W3C home > Mailing lists > Public > www-tag@w3.org > February 2013

Re: Revisiting Authoritative Metadata

From: Eric J. Bowman <eric@bisonsystems.net>
Date: Wed, 27 Feb 2013 15:39:44 -0700
To: Robin Berjon <robin@w3.org>
Cc: "www-tag@w3.org List" <www-tag@w3.org>
Message-Id: <20130227153944.cdaffc62116cdb7a0edd2b32@bisonsystems.net>
Robin Berjon wrote:
> 
> This discussion is taking place within the specific context of the 
> Authoritative Metadata TAG finding, which contains two paragraphs
> about the proclaimed superiority of authoritative metadata over
> embedded typing:
> 
>      http://www.w3.org/2001/tag/doc/mime-respect#embedded
> 
> As explained in detail here:
> 
>      http://lists.w3.org/Archives/Public/www-tag/2013Feb/0130.html
> 
> neither of those paragraphs is in any way substantiated. They just 
> proclaim their content with no reference to fact.
> 

I'll agree that those paragraphs do assume familiarity with REST, when
they should reference or quote it; the hint is "self-descriptive." Your
framing of the issue, "assuming someone does have a use case, is it
worth the cost of requiring a content type on every response" both
consistently rejects presented use-cases as somehow irrelevant, and
mistakenly assumes that these use-cases are the rationale behind
self-descriptive messaging, rather than a by-product.

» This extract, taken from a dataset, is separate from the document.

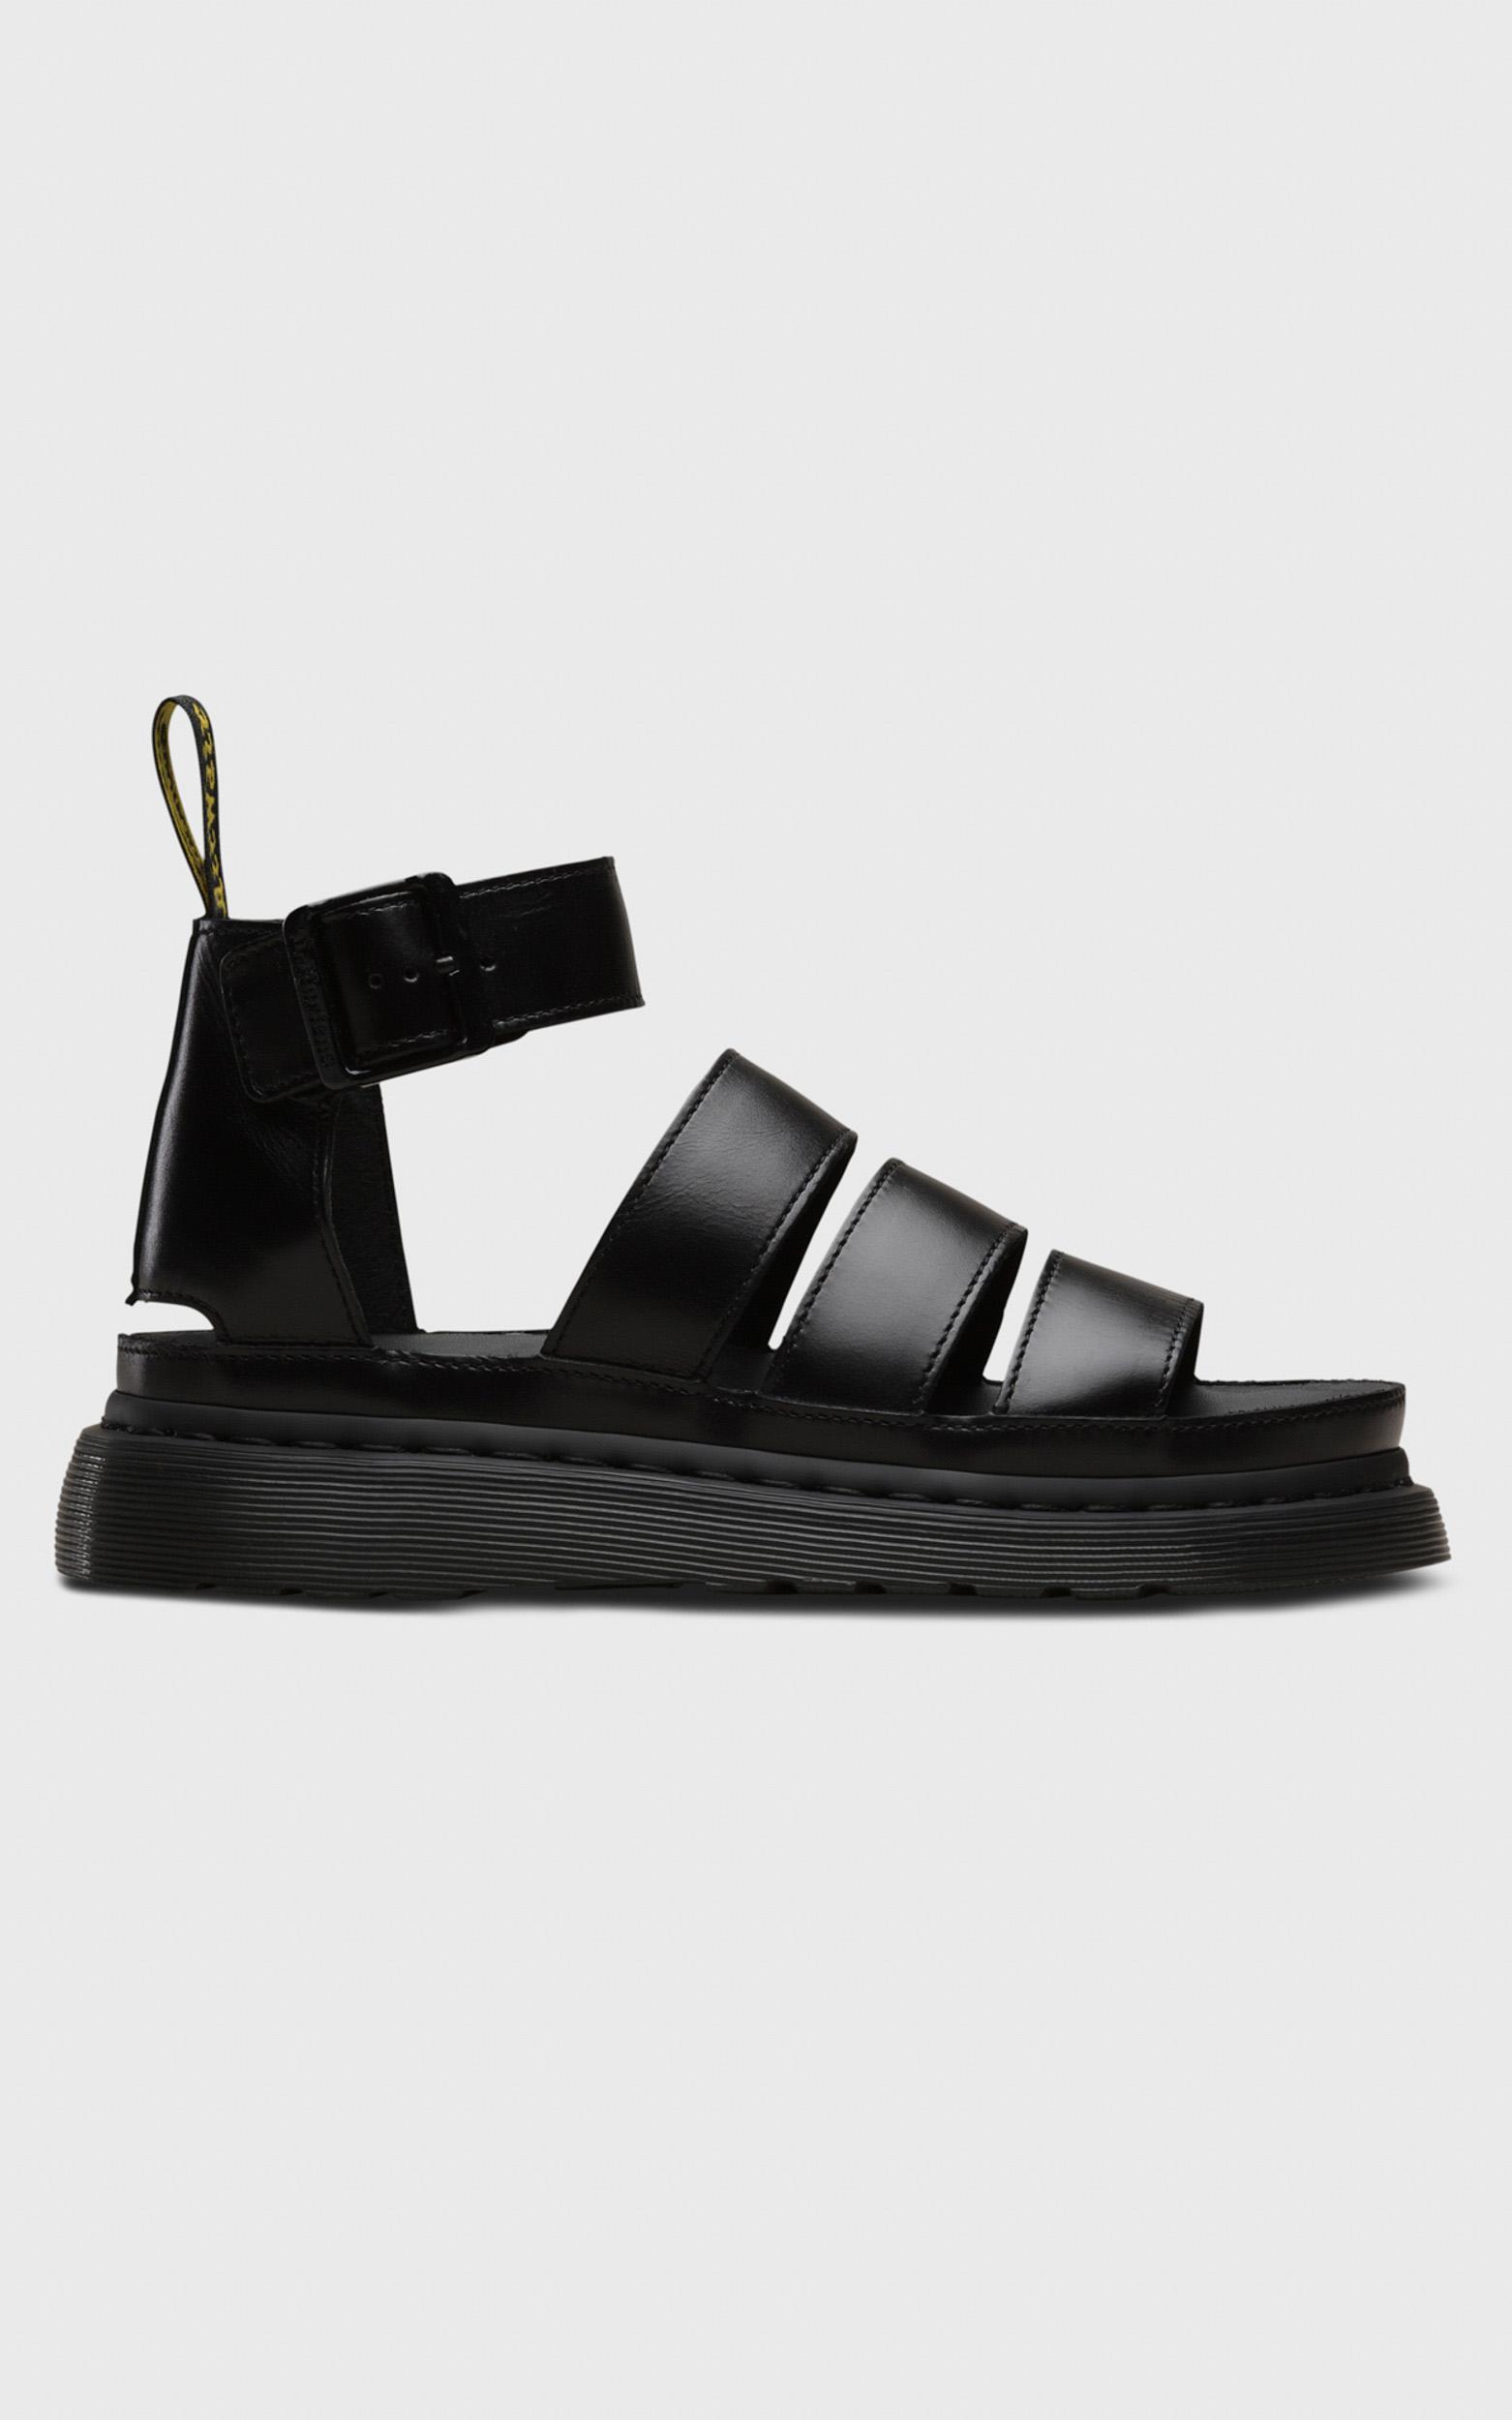 Dr. Martens - Clarissa II Chunky 3 Strap Sandal in Black Brando - 5, Black, hi-res image number null
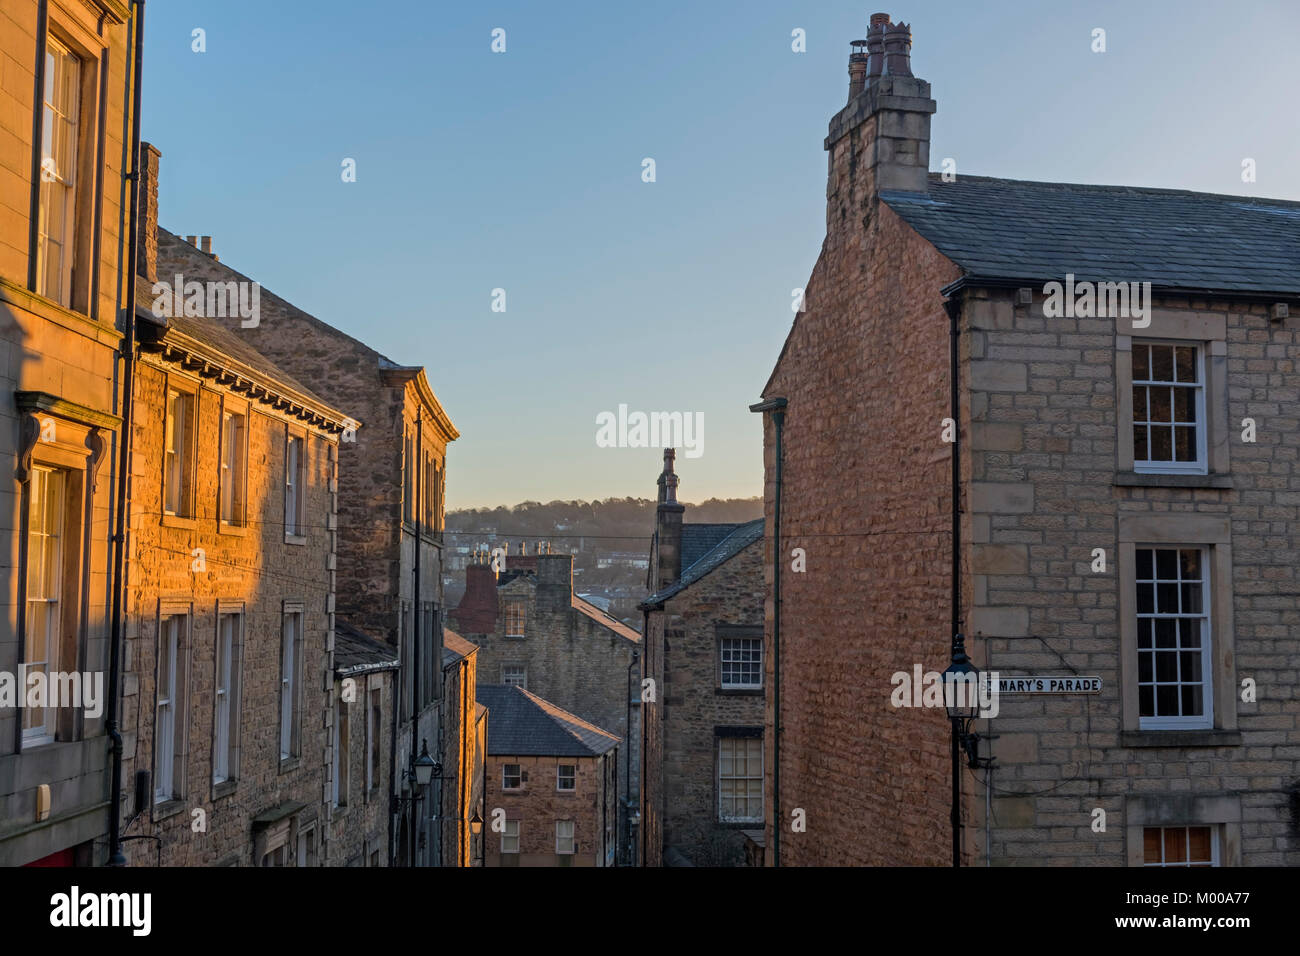 St Mary's Parade Castle Hill Lancaster Lancashire UK - Stock Image

The middle paragraph of section 3.3 gives us another hint, obviously
derived from REST, to those of us familiar with it:

"Intermediaries (i.e., proxies and gateways) perform significant
functions in Web architecture, such as encapsulating legacy services,
enhancing client functionality, and moderating the risk of interactions
across firewalls. Those functions can only be performed correctly if
the semantics of a given message are expressed within that message."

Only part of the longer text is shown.